[R] Using the 'by' function within a 'for' loop

Tue Apr 22 21:26:21 CEST 2008

After talking about it, I forgot to put the drop=TRUE in the 'split' call:

x.index <- split(seq(nrow(dat)), dat[,c("tx","day")], drop=TRUE)
results <- lapply(x.index, function(.indx){
   mn <- mean(dat$k[.indx])
   ......
   data.frame(....)
})

On Tue, Apr 22, 2008 at 1:30 PM, Judith Flores <juryef at yahoo.com> wrote:
> Dear R experts,
>
>
>    I am sorry for sending this email again. I would
> imagine yesterday and maybe today, have been very busy
> days with the release of R v 2.7.0. I join all the R
> users who are very gratful for your contant work and
> efforts, specially knowing that you are doing this for
> the sake of science, without gettig any compensation
> for that.
>    Having written that, I decided to send the email
> below again, in case it was forgotten; or maybe I am
> missing something very basic?
>
>   I am using version 2.7.0, in windows XP.
>
> Start of yesterday's email:
>
>    I am trying to optimize my script, because right
> now it requires a lot of memory.
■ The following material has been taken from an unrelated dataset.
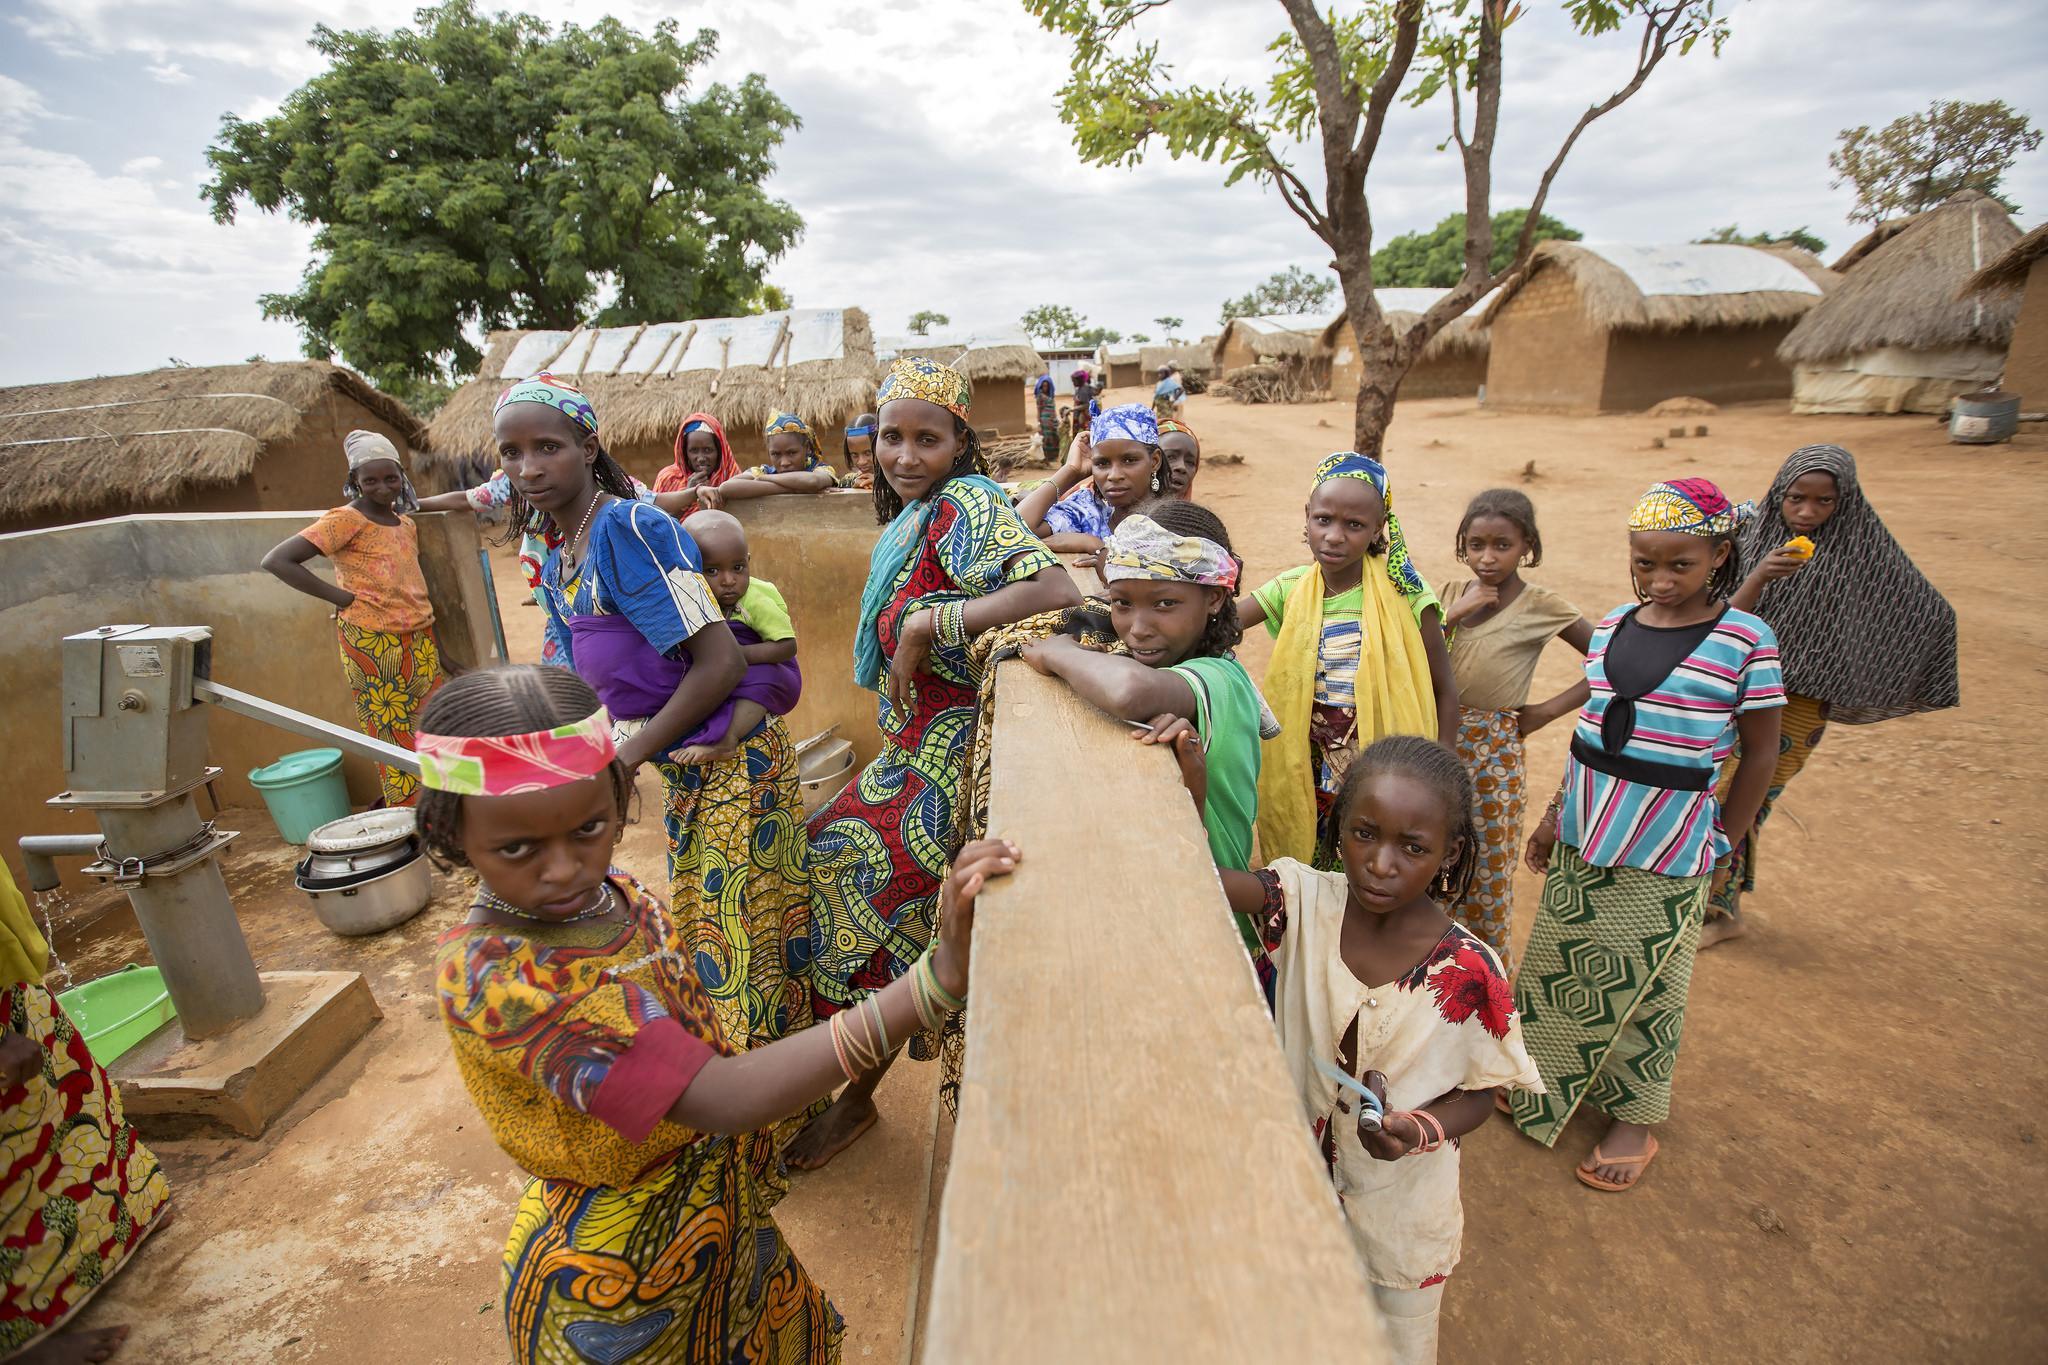 Kamerun - vesipumppu

The goal is to
> generate four plots in one page. Every plot
> corresponds to the means and sem's calculated for a
> given variable at different days. In order to obtain
> the means and sem's I apply the 'by' function. The way
> I have done it so far is like this:
>
> Read the data
> Generate a summary of the mean and sem of a variable
> at every Day.
> Plot the mean and sem of that variable.
>
> Repeat the same process for the other 3 variables.
>
>  I tried to optimize the code by using a for loop,
> the code is below.
>
>
>
> #Reading the data
> dato<-read.csv('mydata.csv')
> names(dato)<-c("id","day","tx","var1","var2","var3","var4")
> dato<-dato[,1:7]
>
> #Specify varible to be plotted
> variable<-c('var1','var2','var3','var4')
>
> #Define parameters of window where panel: margins,
> number of plots in the panel
> windows(height=9, width=9, rescale='fixed')
> par(mfrow=c(2,2),xpd=T, bty='l',
> omi=c(0.8,0.25,1.2,0.15), mai=c(1.1,0.8,0.3,0.3))
>
>
> for (k in variable) {
>
>    dat<-dato[!is.na(k),]
>
>
>
>    summ<-by(dat,dat[,c("tx","day")], function(x) {
>        mn<-mean(x$k)
>        std<-sd(x$k)
>        n<-length(x$k)
>        se<-std/sqrt(n)
>        lowb<-mn-se
>        upb<-mn+se
>
> data.frame(tx=x$tx[1],day=x$day[1],mn=mn,std=std,lowb=lowb,upb=upb,se=se)
>        })
>    summ<-do.call("rbind",summ)
>
>
>
>
>    #Definining x axis range
>    xmax<-unique(max(summ$day,na.rm=TRUE))
>    xmin<-unique(min(summ$day,na.rm=TRUE))
>
>    yaxmin<-unique(min(summ$lowb))
>    yaxmax<-unique(max(summ$upb))
>
>
> plot(1,1,type='n',xlab='Day',xlim=c(xmin,xmax),ylim=c(yaxmin,yaxmax),
> ylab=k,
>
> las=1,cex.lab=1,xaxp=c(xmin,xmax,diff(range(c(xmin,xmax)))))
>        points(summ$day,summ$mn)
>
> }
>
>
>
>
>    Where variable is a vector that specifies all the
> variables I want to plot.
>
> But I am getting the following error:
>
> "Error in var(as.vector(x), na.rm = na.rm) : 'x' is
> empty
> In addition: Warning message:
> In mean.default(x$k) : argument is not numeric or
> logical: returning NA"
>
>   Could some one please show me how to structure my
> code to achieve my final goal, which is to simplify
> it?
>
> I am attaching a csv file in case you want to run my
> code.
>
> Thank you very much in advance for your time and help,
>
> Judith
>
>
>
>
>
>      ____________________________________________________________________________________
> Be a better friend, newshound, and
>
> ______________________________________________
> R-help at r-project.org mailing list
> https://stat.ethz.ch/mailman/listinfo/r-help
> PLEASE do read the posting guide http://www.R-project.org/posting-guide.html
> and provide commented, minimal, self-contained, reproducible code.
>
>

-- 
Jim Holtman
Cincinnati, OH
+1 513 646 9390

What is the problem you are trying to solve?